My wife and I are going out on the town.
This weekend, perhaps even as you are reading this, we will be eating tapas, drinking over-priced wine, and watching agog as Nicole Scherzinger stars as Norma Desmond in the West End revival of Sunset Boulevard.
The children, we hope, will be safely at home with their granny, watching Strictly without tearing the place up, before trotting up to their bedrooms to sleep like lambs till the morning. (At the time of writing, I am trying not to pay heed to the voice in my head that suggests they will almost certainly still be awake when we roll in at midnight.)
It’s still a relatively rare thing to be out just as a couple. Any mention of the word restaurant and the kids appear as if from nowhere and ask if they can come too. And to be fair, we’ve had two or three lovely family trips to see London shows or a panto in the last year.
However, with our older one approaching 14, and the younger one now at the grand age of eight and a half, we feel more or less content to leave them home alone for an hour while we take a stroll along the canal. So absorbed are they in tablets, laptops and the TV, that I’m not even sure they realise we’ve gone.
An evening out a deux – and certainly a night away – takes more thought, even now. When the kids were small, we occasionally booked a babysitter or asked a favour from a grandparent. But there was always an element of anxiety about whether the children would get to sleep, or would otherwise cause a fuss. We didn’t, therefore, make a habit of it.
All in all, that never particularly bothered me. If the kids are in bed by a decent hour, I take as much joy in spending an hour, as a couple, in front of the box or chit-chatting, as I would do having a meal out together. This isn’t to say I don’t like hitting the bright lights of the city (or Berkhamsted high street); ringing the changes is generally a good thing to do, and being deliberate about how you spend time as a twosome feels important.
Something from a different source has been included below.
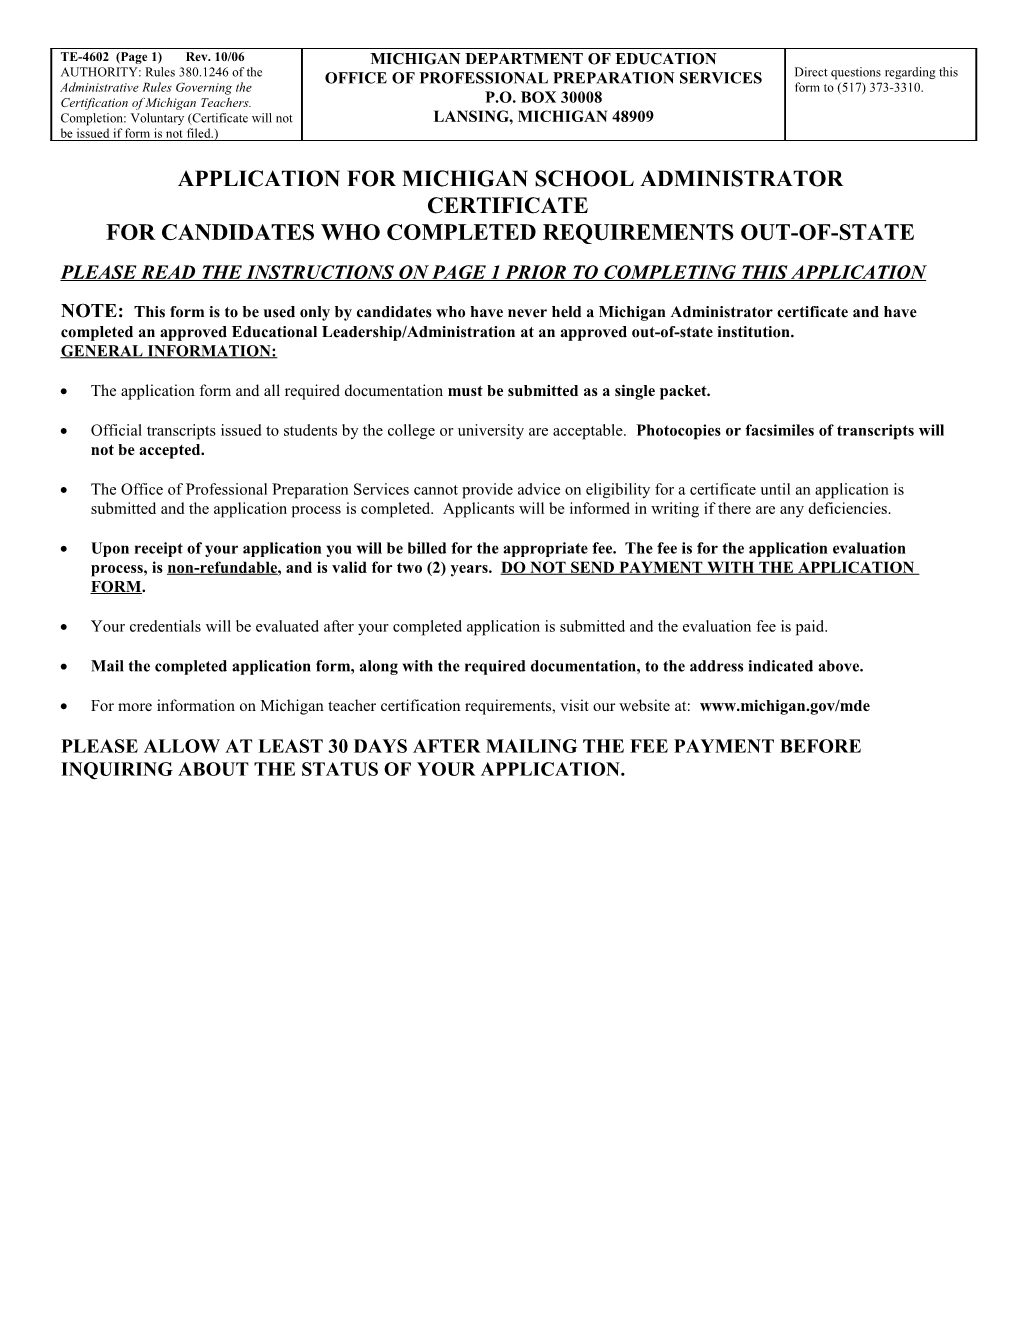 Application for Michigan School Administrator

But I hate deliberateness if it becomes simply another form of routine or structure. “Date night” is a classic example of the marketing industry’s need to infantilise concepts that do not need to be labelled, yet which must be objectified to meet the commercial imperatives of the 21st century.
By giving a name to something that was once just a nice thing to do, ad men on Madison Avenue (or wherever they now plot their evil) have managed to create a kind of cult.
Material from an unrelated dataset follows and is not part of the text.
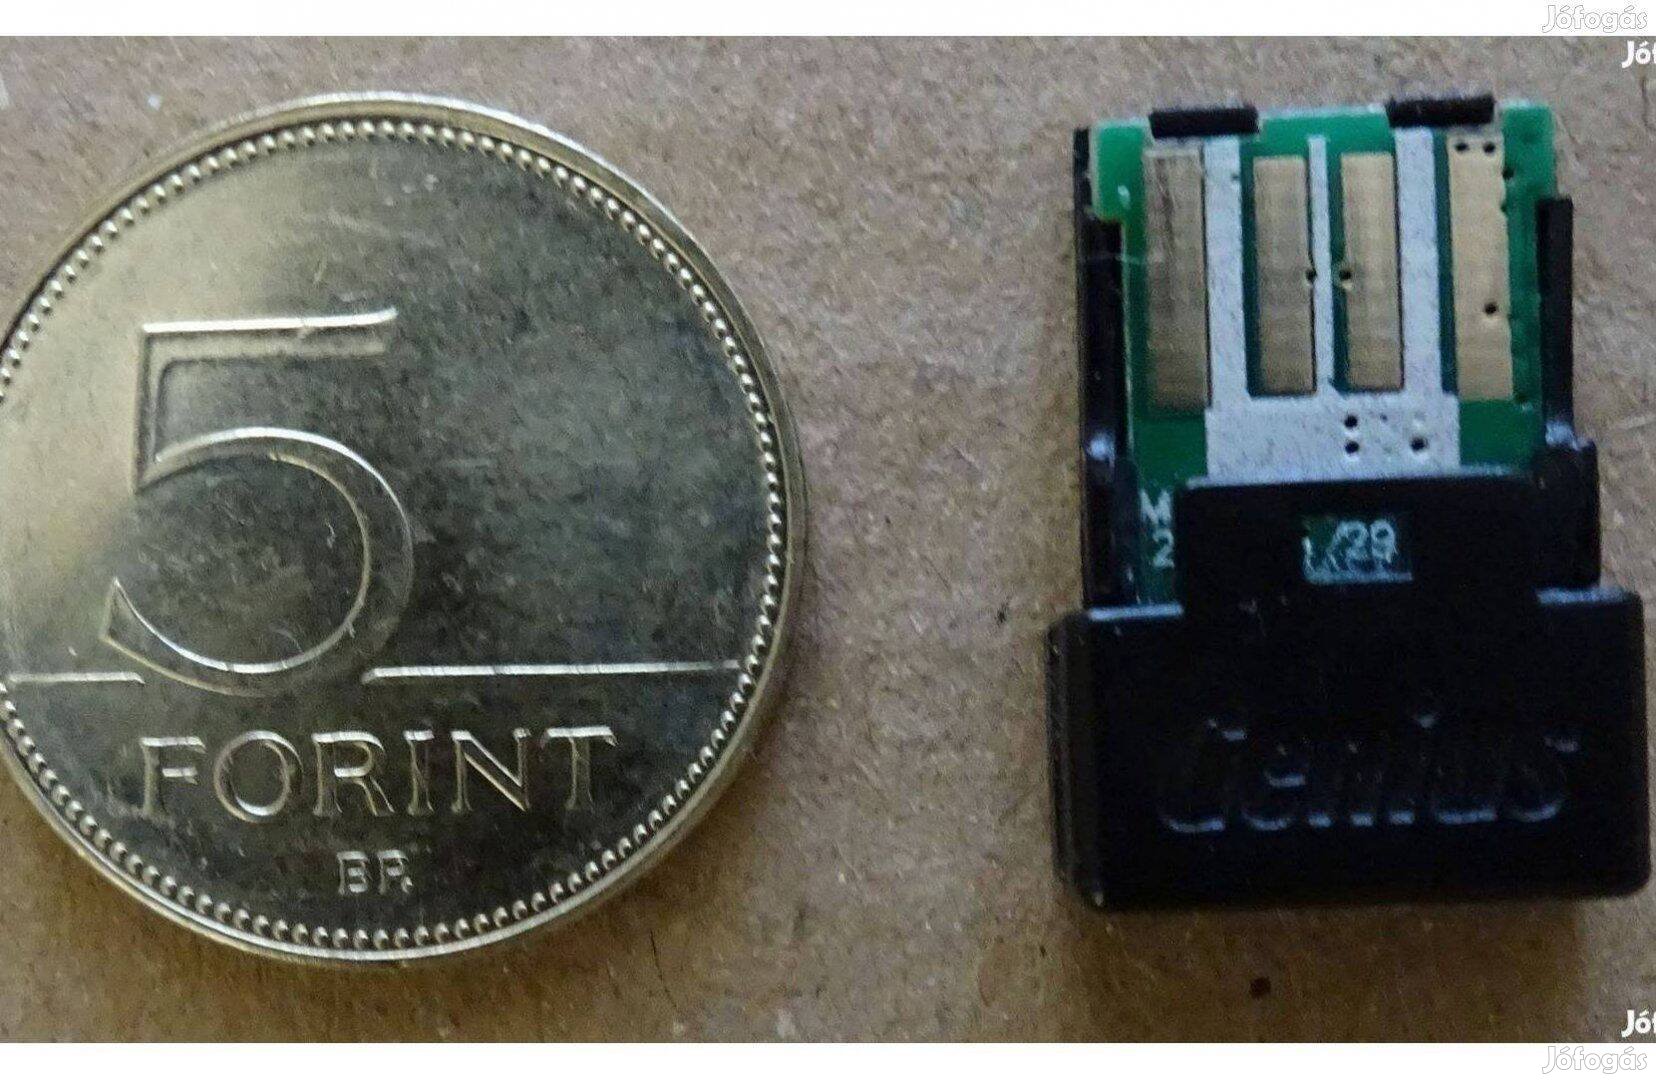 Genius USB nano adapter
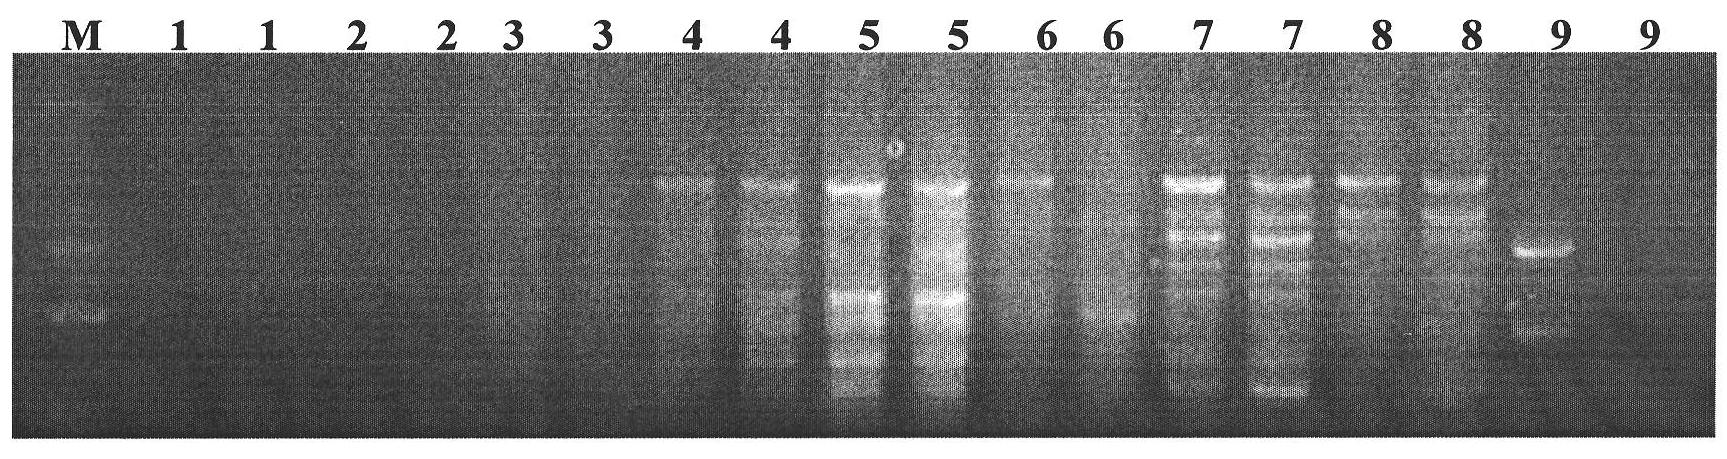 Buchloe dactyloides ISSR-PCR molecular marker system

On the one hand, the idea both invalidates the non-“date nights” as something inadequate and unromantic. And on the other, it heaps pressure on the occasions when it’s just the two of you, going “out” out, somehow to rekindle something you didn’t think you’d lost until you read a feature about date nights in Marie Claire.
I feel similarly about the concept of a “play date”. Thirty or 40 years ago, you just went round to your mate’s house for tea and did whatever. Now, it’s a thing that has expectations; an event that must be planned and managed. Don’t get me started on “sleepovers”.
Planning and labelling are a sure-fire way to destroy mystery and spontaneity. And even if organising a night out minus the children can be a bit of a logistical nightmare, surely you don’t want to be reminded of the prep by virtue of your experience being given a name.
You might think all this sounds a bit unreasonable. But better to get it off my chest now, than to spend our impending “date night” moaning about how much I hate the concept of “date night”.